George Washington Tryon, Jr. was an American malacologist who worked at the Academy of Natural Sciences in Philadelphia.
Background
George Washington Tryon was born on May 20, 1838 in Philadelphia. He was the eldest son of Edward K. and Adeline (Savidt) Tryon. He was named for his grandfather, a gunsmith.
Tryon began when he was seven years old to collect natural history specimens, especially shells of mollusks, which were favorites from the start. Orderliness was one of the child's notable mental qualities and even before his undeveloped mind could grasp the meaning of taxonomy he arranged his specimens according to an original system.
Education
After passing through several private schools, he entered the Friends' Central School in 1850, completing a three years' course in June 1853. Soon afterward he studied French, German, and music with private tutors, thus completing his formal education.
Career
Edward K. Tryon had carried on successfully the well-established business of manufacturing and selling firearms and sportsman's accoutrements which he had inherited from his father, and in due course his son succeeded him.
The younger George Washington Tryon, however, retired from business about 1868 with a modest sum, sufficient in his estimation to justify unrestrained pursuit of science and letters.
In 1859, at the age of twenty-one, he was elected a member of the Academy of Natural Sciences of Philadelphia, and from that time until his death in 1888 he was active in promoting its welfare. Largely through his efforts a new building was erected.

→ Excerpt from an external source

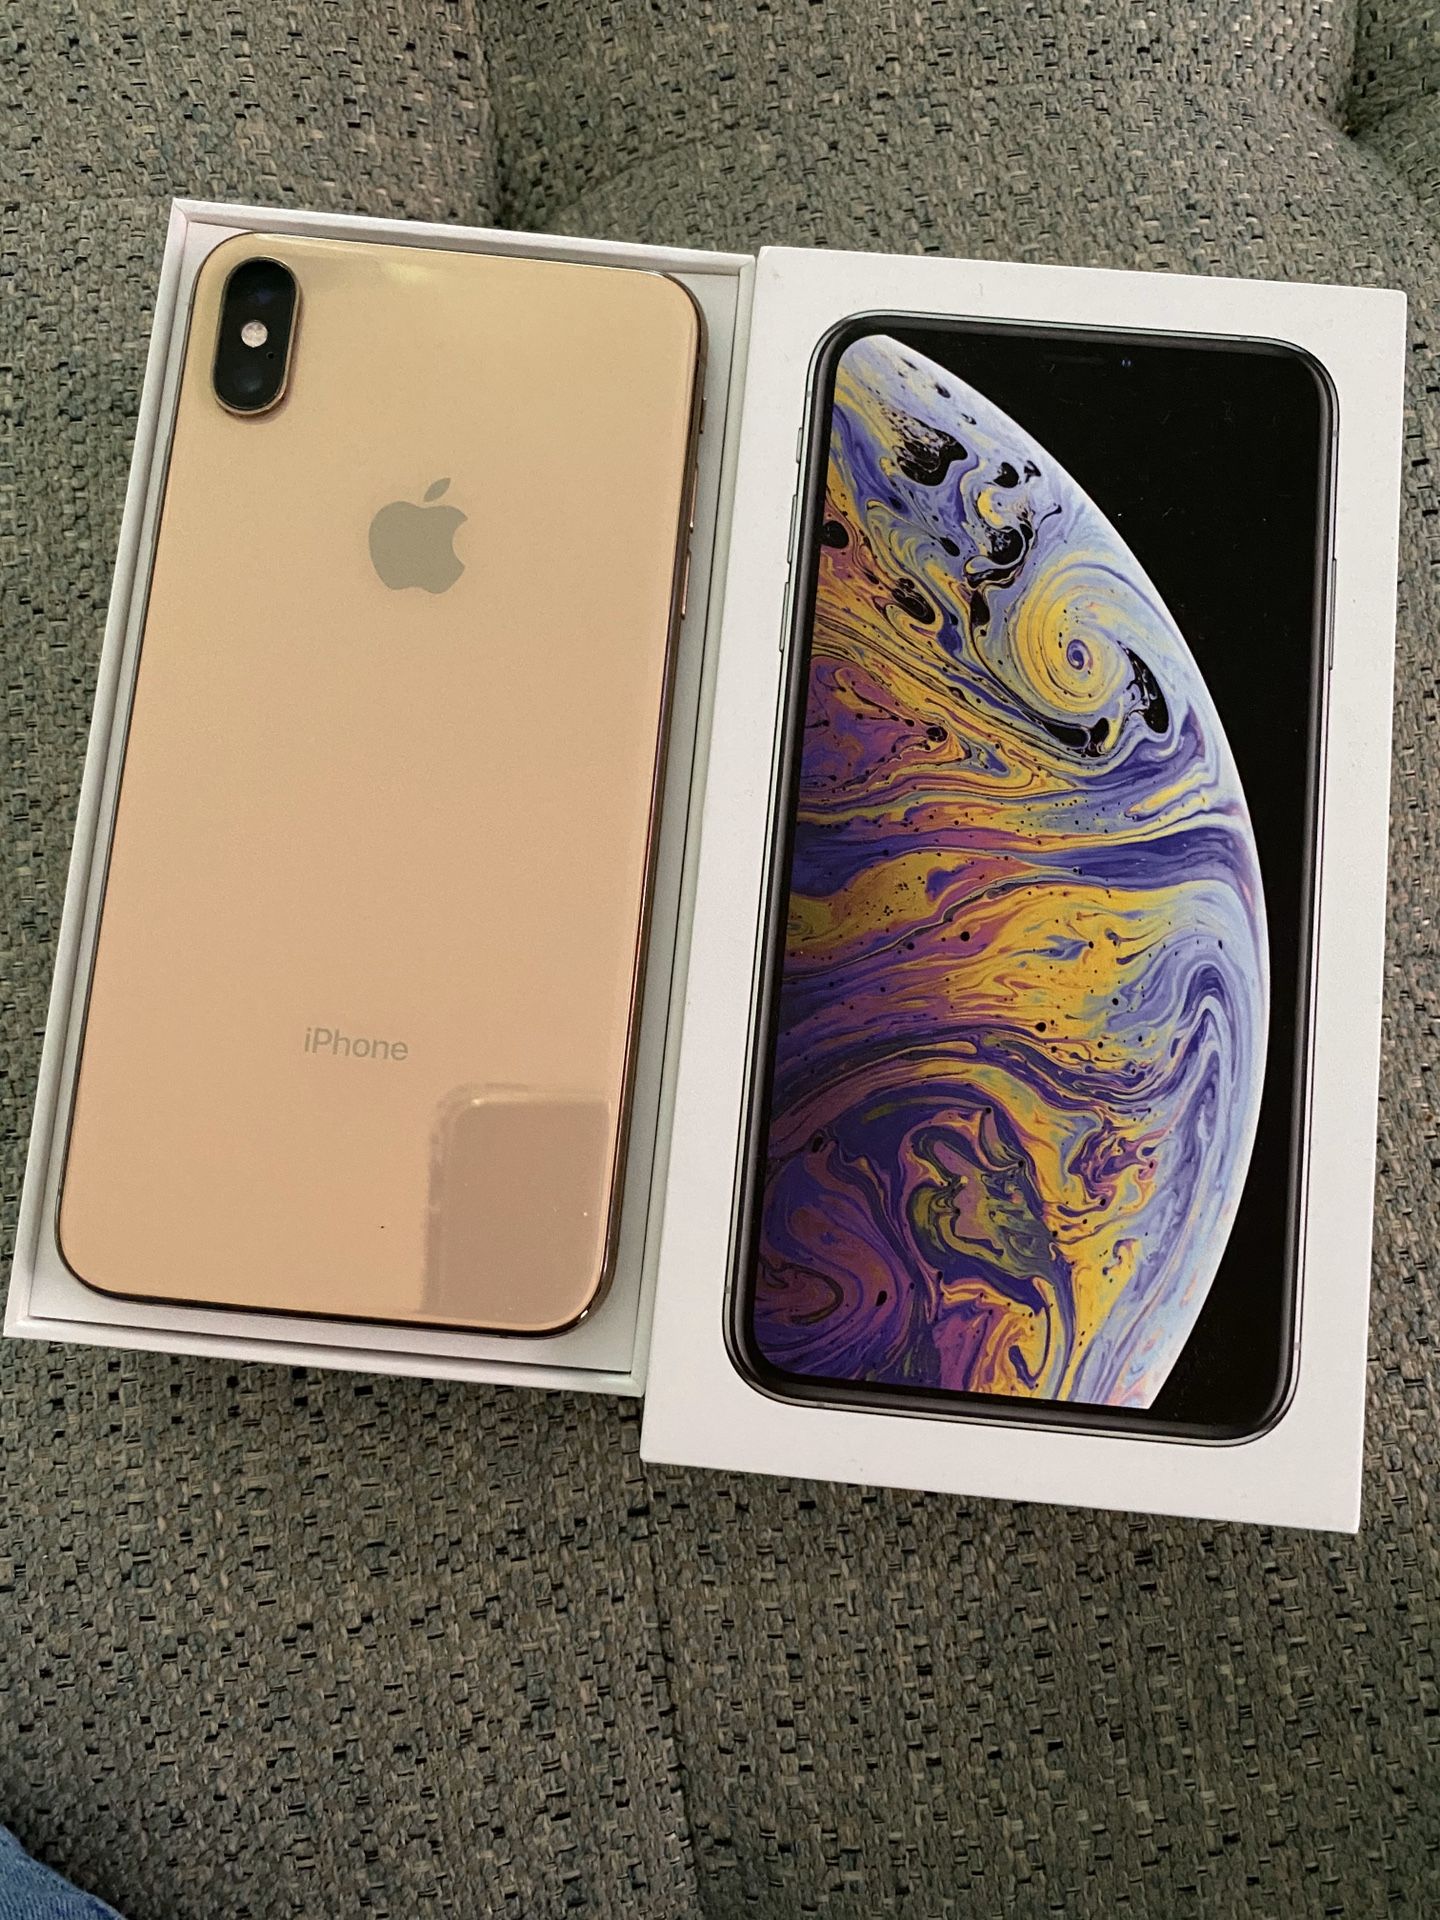 iPhone X max unlocked 256 gb have 5 only take Zelle then pick up discount price

In 1866 the conchological section of the Academy was formed and under its auspices large collections were gathered, including Tryon's own private collection which numbered more than 10, 000 species. At the time of his death, the section had one of the largest and most complete collections of Mollusca in the world.
Tryon was a curator of the Academy from 1869 to 1876 and conservator of the conchological section from 1875 until his death.

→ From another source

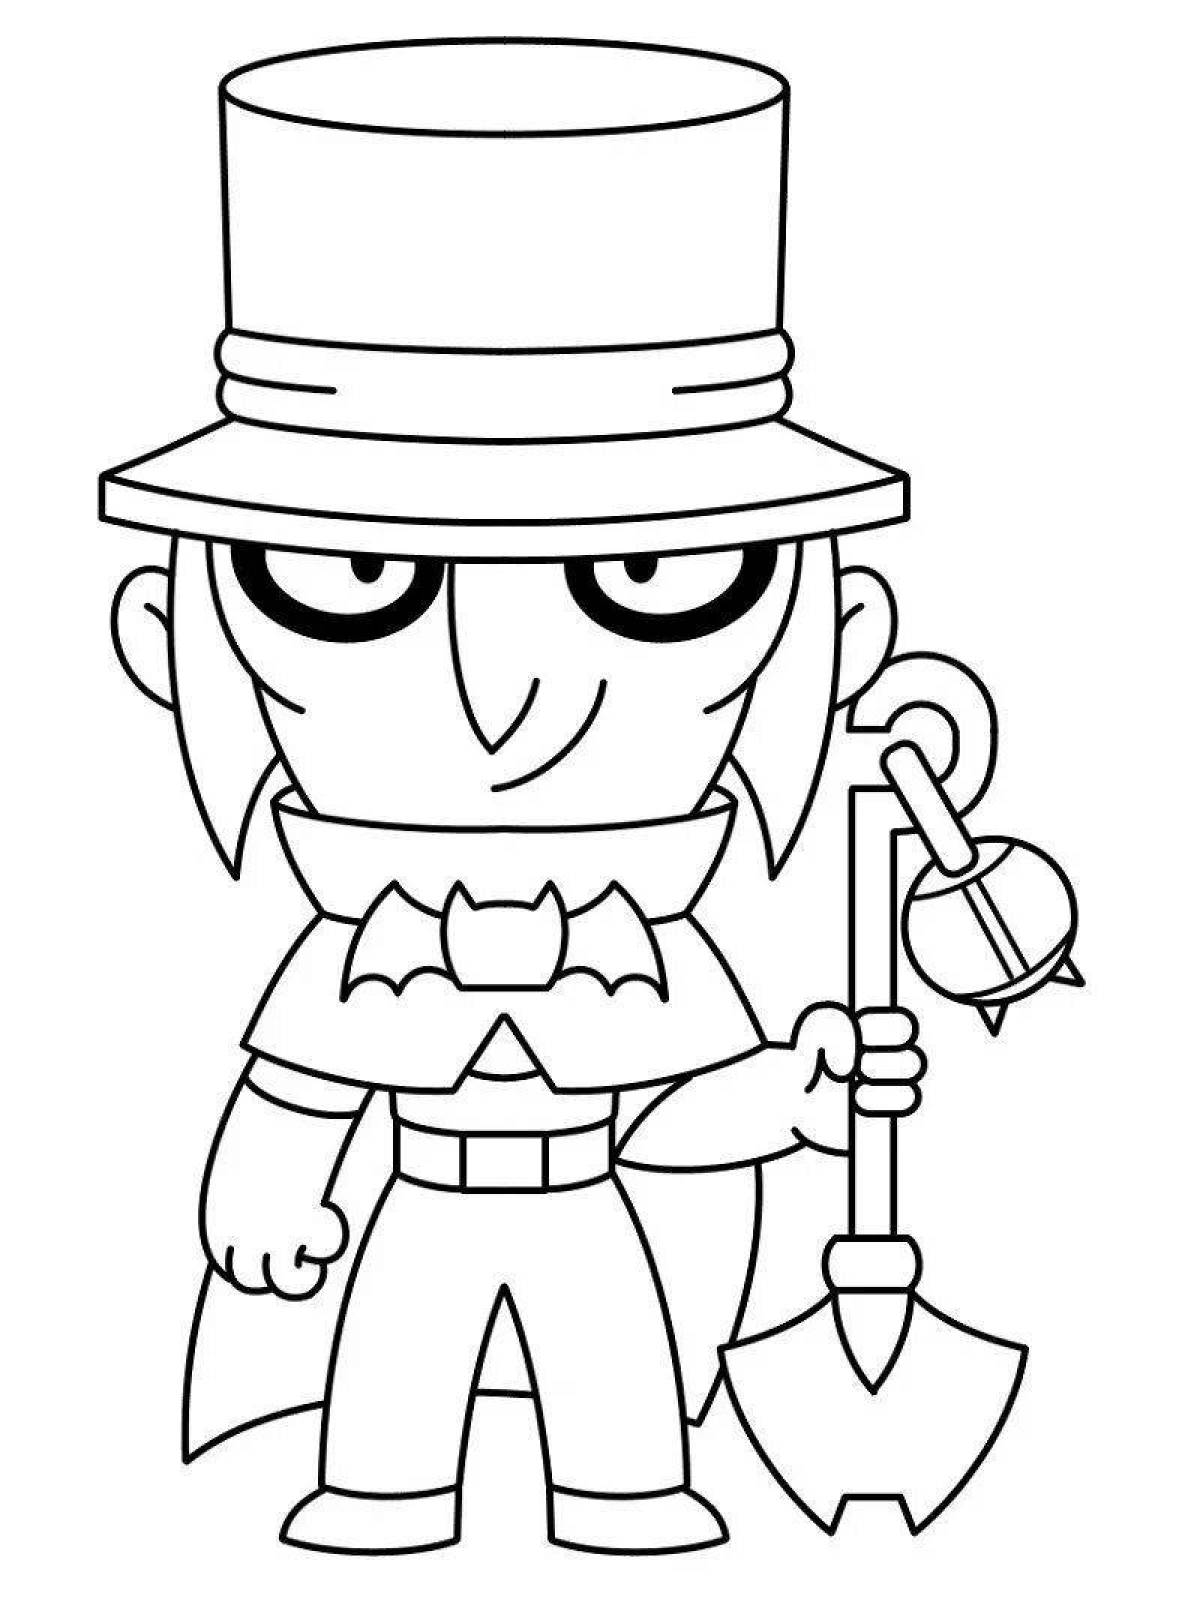 Brawl stars live coloring pages

His first paper on conchology, "On the Mollusca of Harper's Ferry, Virginia, " was presented in 1861 (Proceedings of the Academy of Natural Sciences of Philadelphia, 2 ser. V, 1862), and subsequently more than seventy papers on land, freshwater, and marine mollusks came from his pen.
Among his contributions were A Monograph of the Terrestrial Mollusca Inhabiting the United States (1866); A Monograph of the Freshwater Univalve Mollusca of the United States (In Continuation of Prof. S. S. Haldeman's Work . ) , with a preface dated 1870; Part IV, "Strepomatidae" (1873), of W. G. Binney's Land and Fresh Water Shells of North America (4 vols. , 1865 - 73); and Structural and Systematic Conchology (3 vols. , 1882 - 84). He also edited and published the American Journal of Conchology from 1865 to 1872.
His chief work, however, was his Manual of Conchology, Structural and Systematic, with Illustrations of the Species, in which it was designed to describe and figure all of the living species of the Mollusca known to science. The first volume appeared in 1879. Of the first series on the marine shells, nine volumes had been completed and of the second series, the land shells, three volumes had been issued at the time of his death. Fortunately for the science of malacology, the work was continued under Dr. Henry A. Pilsbry.
He twice visited Europe, in 1874 and 1877, publishing an account of the earlier trip in The Amateur Abroad (1875).
He died on February 5, 1888 in Philadelphia.
Religion
He attended the services of the Unitarian Church of Philadelphia.
Membership
He was a member of the Academy of Natural Sciences of Philadelphia.
He was a member of the Society of Friends for a number of years.
Personality
Tryon was a bachelor, of a quiet, frank, and unpretentious disposition.